Background model format

This page describes the format of a file describing a background model that represents the probability of the nucleotides A,C,G,T to be non-functional non-coding data, also called background data.
We comment on all optional and required fields in case you need to supply such a file as input to MotifSuite.

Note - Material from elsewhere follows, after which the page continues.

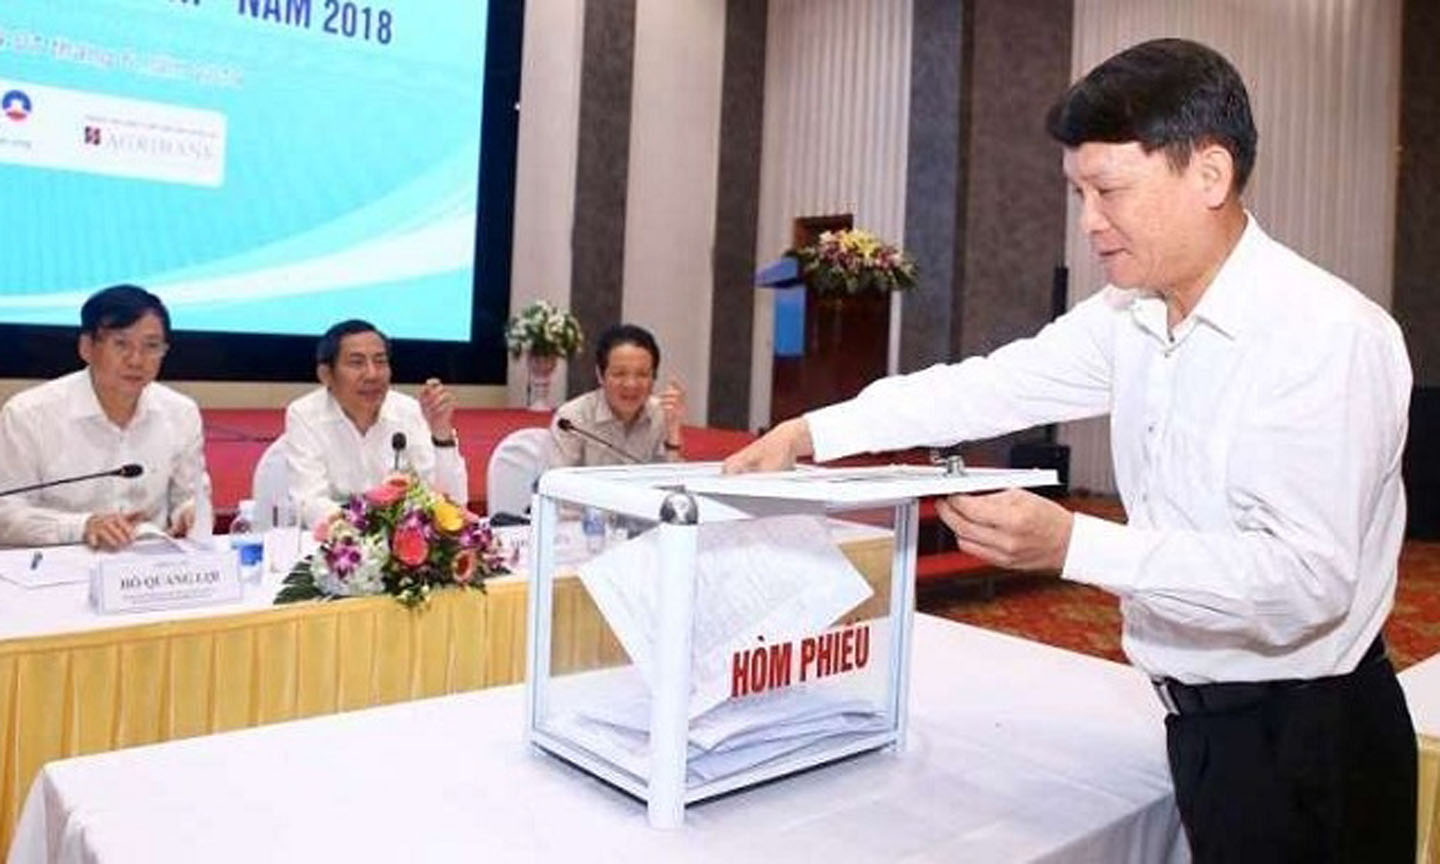 A member of the jury council casts his vote for the final phase of the National Press Awards 2018. (Photo: VNA)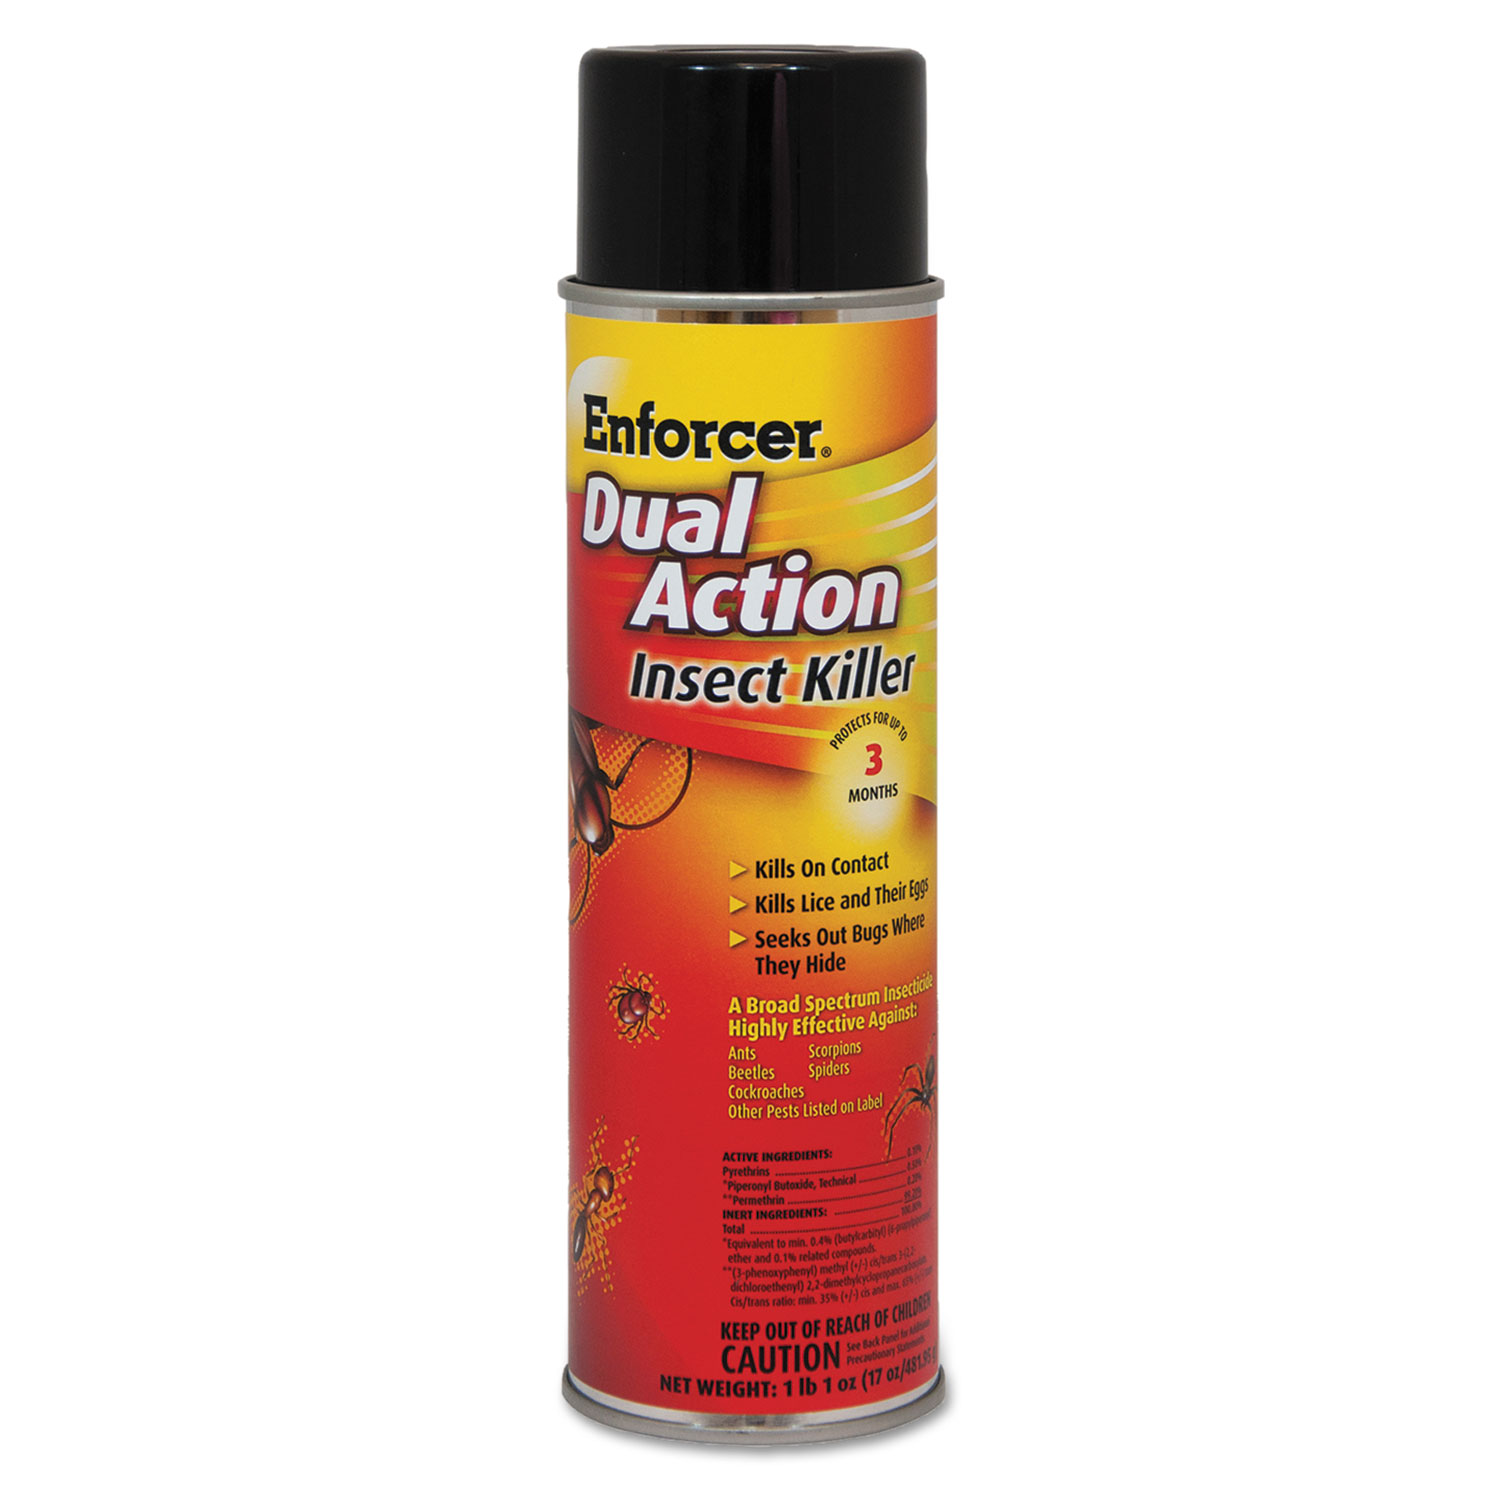 Dual Action Insect Killer, For Flying/Crawling Insects, 17 oz Aerosol

A background model file is reported as output by CreateBackgroundModel.
A background model file is required as input by MotifSampler, MotifLocator, MotifRanking (IC score) and MotifComparison (p-BLiC metric).
Page contents :
File format
Conversion requirements
Example

Background model file format

The file starts with a comment line (#INCLUSive Background Model v1.0) that refers to our program and serves as a file recognition for our applications that load a background model file as input.

Next follows a description of the order of the background model (#order) and two informational fields describing respectively a genome identifier (#organism) and the path referring to the sequences data where the model is extracted from (#Sequences).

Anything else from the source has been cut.